Group Abstract Group Abstract

Message Boards Message Boards

0
|
414 Views
|
5 Replies
|
9 Total Likes
View groups...
Share
Share this post:

How can I stop Mathematica from treating strings as numbers in scientific notation?

Posted 1 month ago

Hello everyone,

I have a large CSV data file that includes a variable that is an alpha-numeric ID (CUSIP) for financial securities. When I import the file, Mathematica treats a CUSIP such as 0452E105 as the number 425^105, which it is not. How can I stop Mathematica from doing this?

POSTED BY: Gregory Lypny
5 Replies
Posted 1 month ago

SemanticImport allows a CSV file to be imported while specifying the column types. This can be converted to tabular. For example, with an appropriate test file:

ToTabular@ SemanticImport["data.csv", {"Integer", "Real", "String", "String"}]

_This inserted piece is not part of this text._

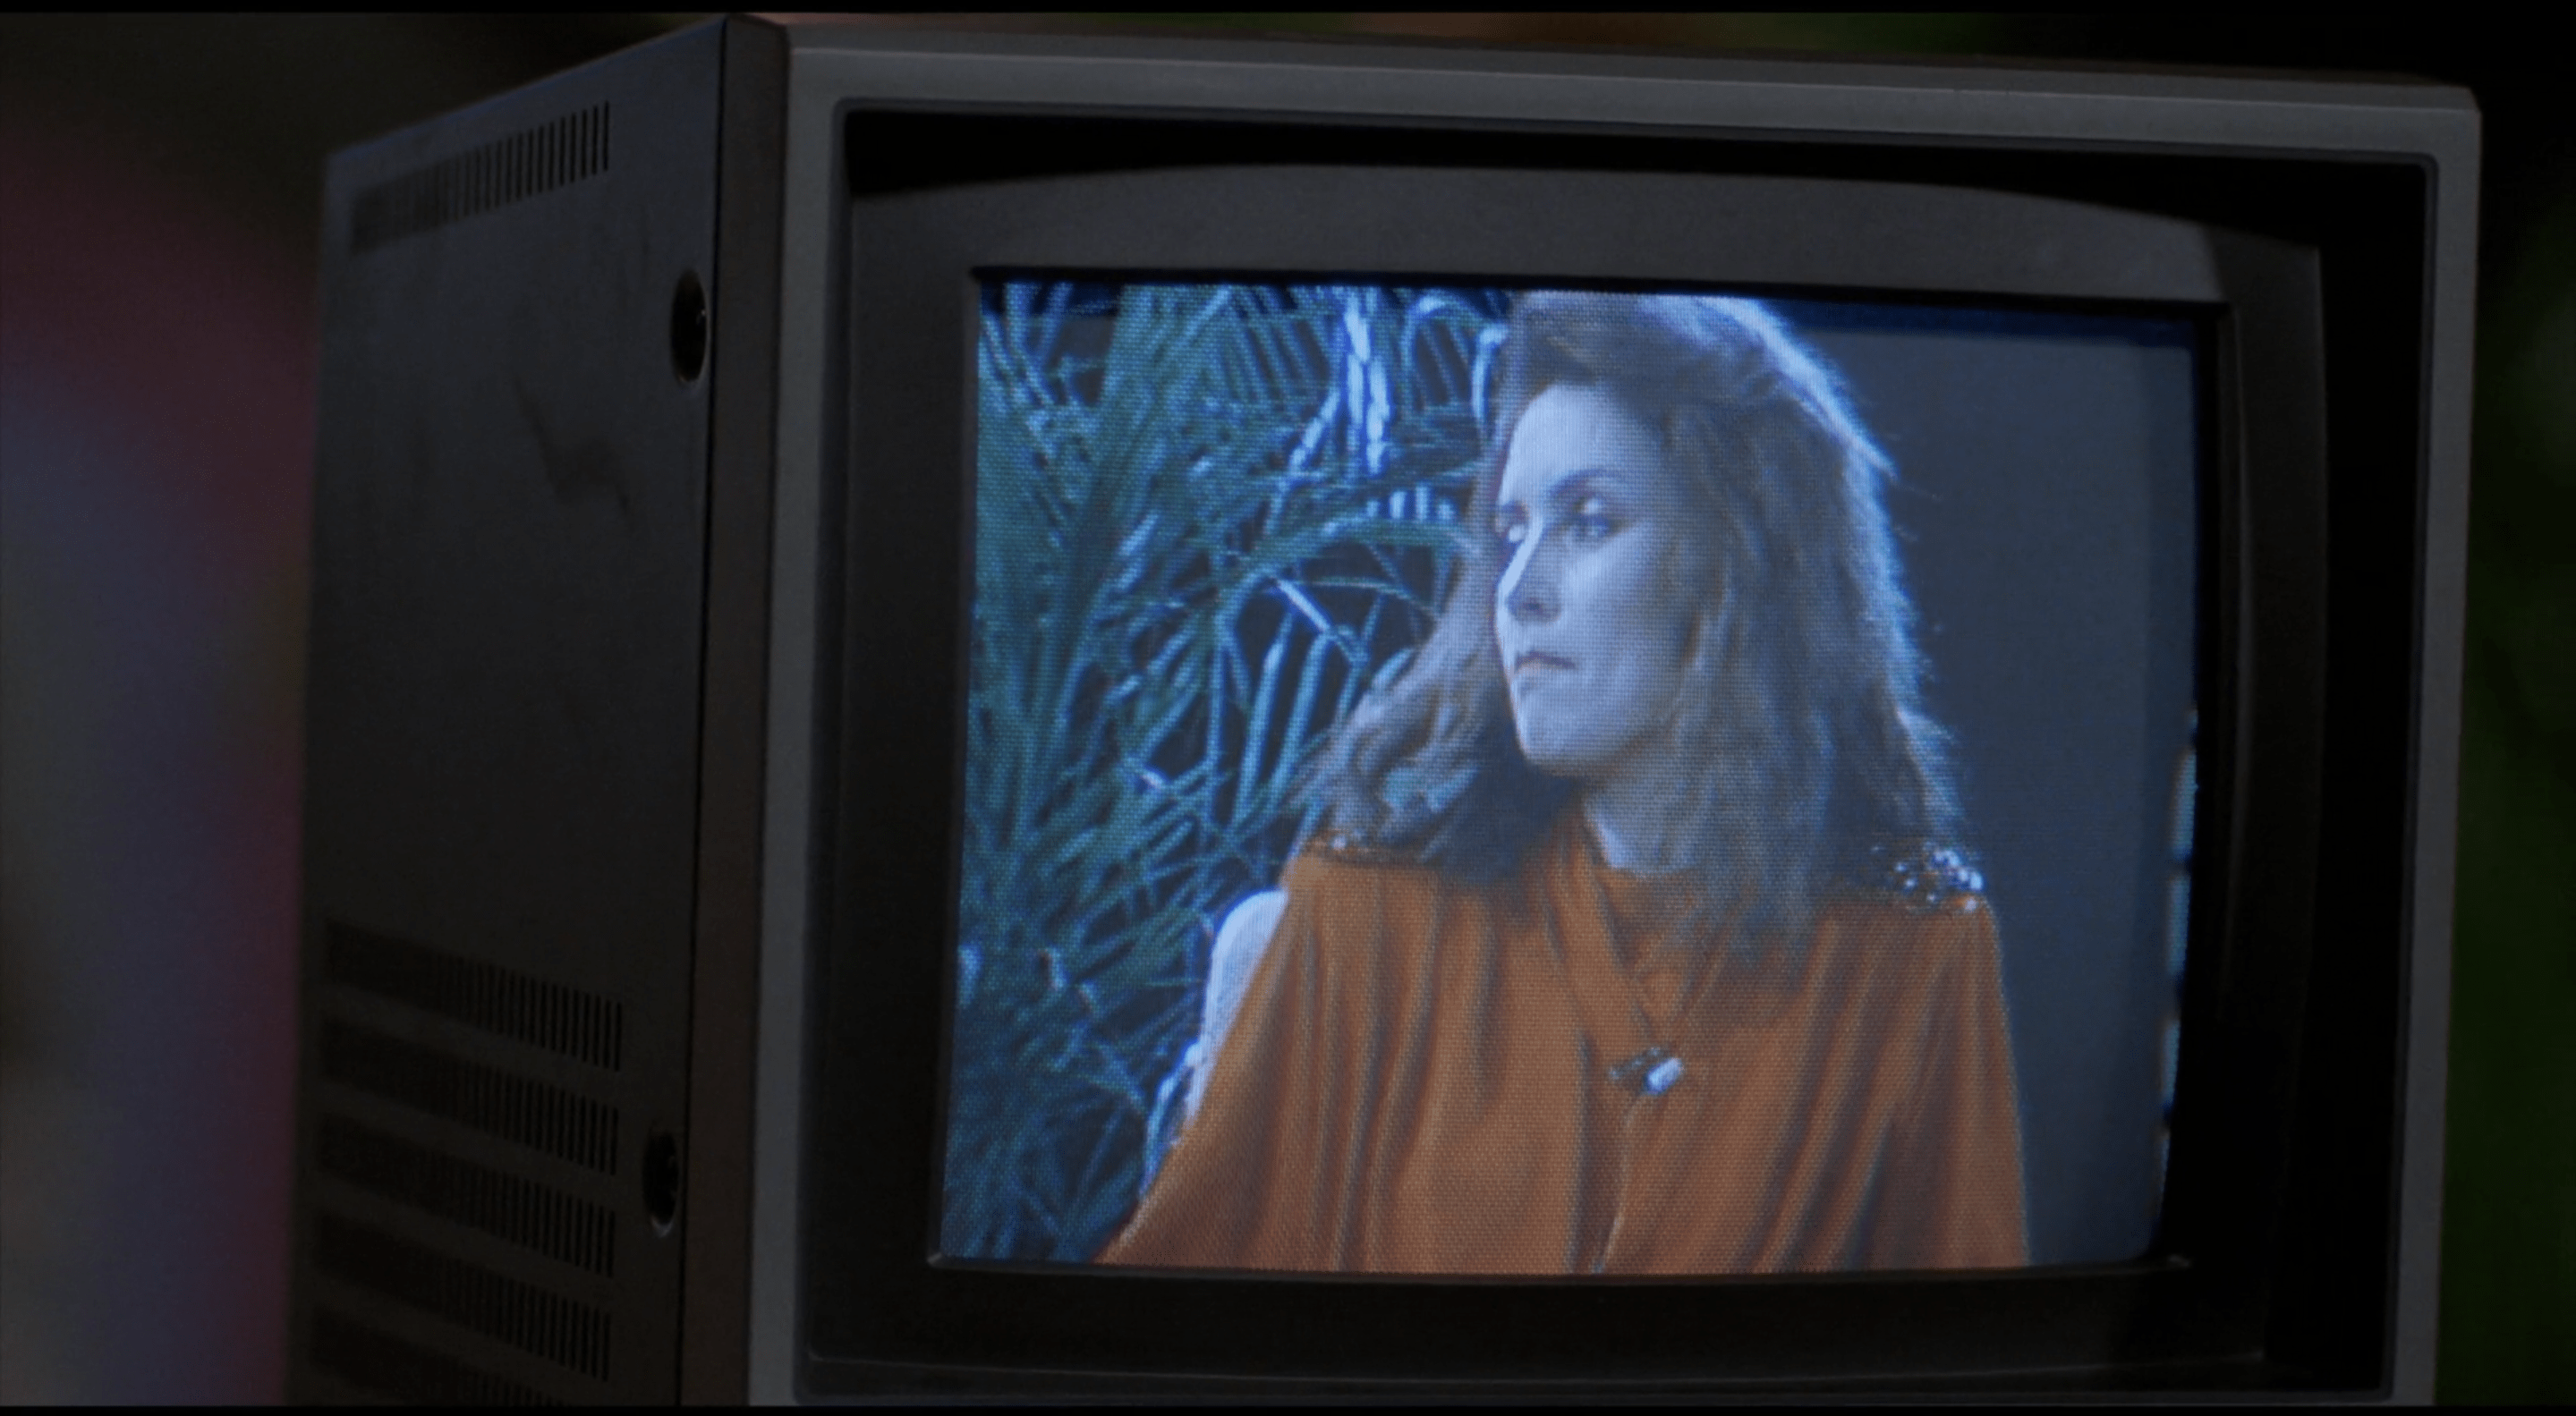 Debbie Harry on a TV screen

Example files are attached.

POSTED BY: David Keith

In Version 14.2, together with Tabular object, we introduced "Schema" element and option in Import of CSV. By default Import interprets 0452E105 as a number:

In[1]:= ImportString["1, -2.34, 0452E105", "CSV"]

Out[1]= {{1, -2.34, 4.52*10^107}}

We can get the TabularSchema object using:

In[2]:= schema = ImportString["1, -2.34, 0452E105", {"CSV", "Schema"}]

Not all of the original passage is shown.